Courts, Divisions, Venues, and Levels

As part of the description of a case, editors identified the court, or courts, in which a case was heard, and the division (criminal, common law, chancery, probate, bankruptcy, admiralty). If a case was heard in more than one court, each successive level of court is detailed. For those courts which do not have divisions, that field is left blank (e.g., supreme courts).

In the detail provided for each of the courts in which a particular case was heard, editors have indicated the court of origin and the court of judgment. Because most cases began and ended in the same court, these courts are usually the same. The court of origin and the court of judgment will differ if the venue was changed. For example, a case which began in Sangamon County Circuit Court that went to the Menard County Circuit Court on a change of venue will have a court of origin of Sangamon County Circuit Court and a court of judgment as Menard County Circuit Court.
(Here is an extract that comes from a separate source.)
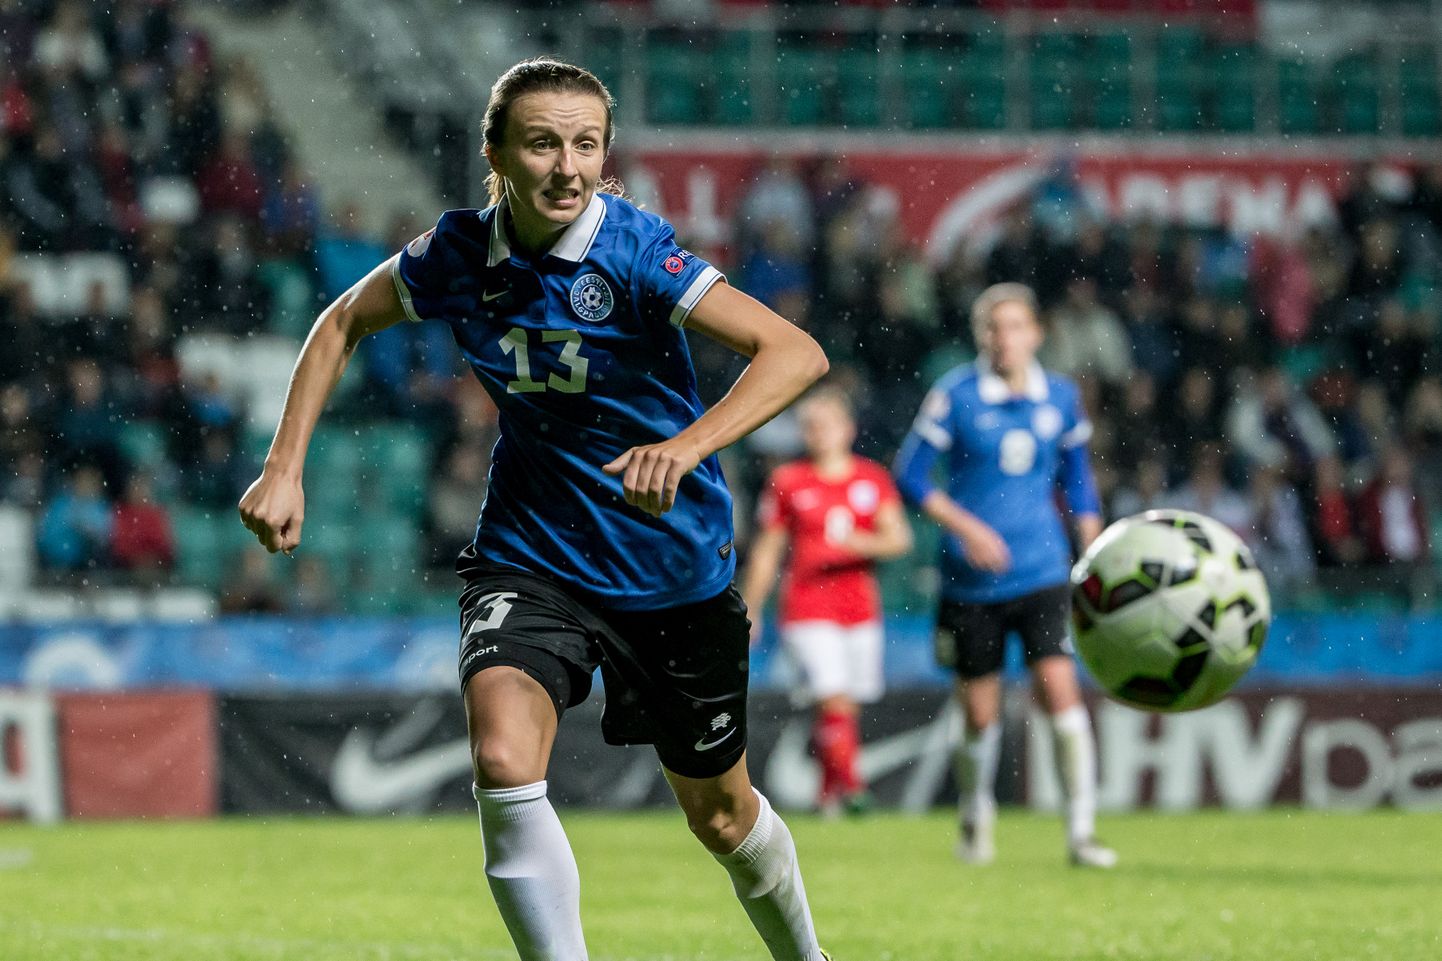 Запланированный на вторник матч между женскими сборными Словении и Эстонии отменяется
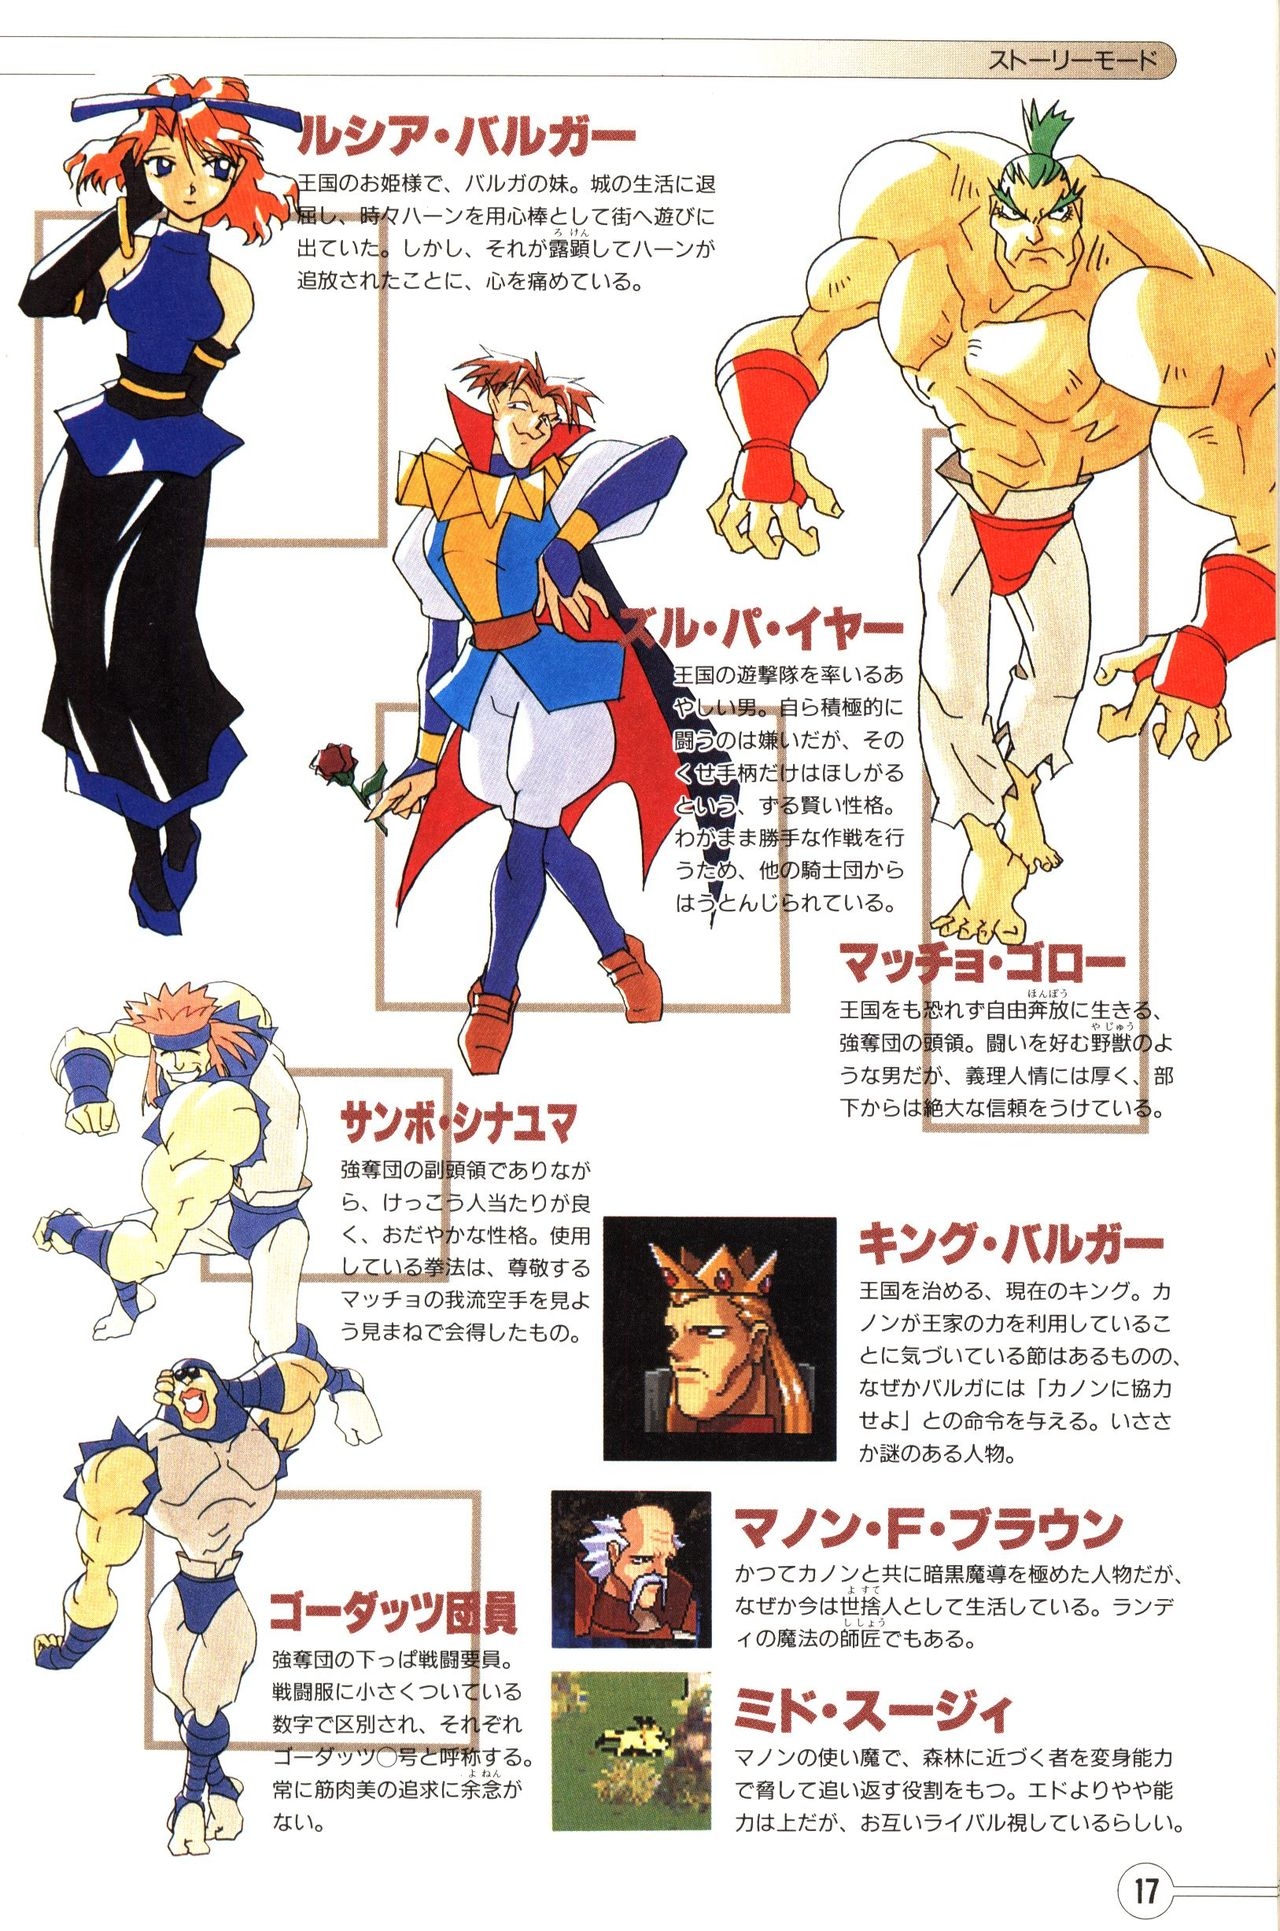 Guardian Heroes Perfect Guide (Sega Saturn magazine books) 19

Sometimes venues changed more than once. In the example above, if the venue changed again from Menard County Circuit Court to the Christian County Circuit Court, then the court of judgment would be Christian County Circuit Court and the other venue would be Menard County Circuit Court. The court of origin remained as Sangamon County Circuit Court. Changes of venues usually occurred between courts of the same type (e.g. circuit court to another circuit court.) Cases typically moved from one type of court to another type of court by appeal or writ of error.

Court Levels as we have used this term, is generally comparable with the hierarchy of courts and jurisdictions. It is also an abstract tool the editors used to organize some complex cases. Injunctions were filed by litigants as stand-alone actions and also as part of another legal action. For those injunctions that were part of another legal action, the editors generally treated them as part of the process of the original action and did not separate them out. However, in some cases, the judgment in the injunction, which was not the original action, was appealed to a higher court. In that event, the editors have separated the injunction as another level of the case. The litigants in an injunction may differ from the litigants in the original suit, and therefore an appealed injunction case name might differ from the original suit name. The editors concluded that identifying an injunction that was appealed as a separate level of the original case would aid in understanding the whole case. Similarly, some independent cases were bundled by the court for one appeal. To reflect this situation, the editors identified each of the independent cases as a separate case level (at the circuit court) and one level at the supreme court. For the most part, the levels referred to in this edition do coincide with different courts through which a case progressed.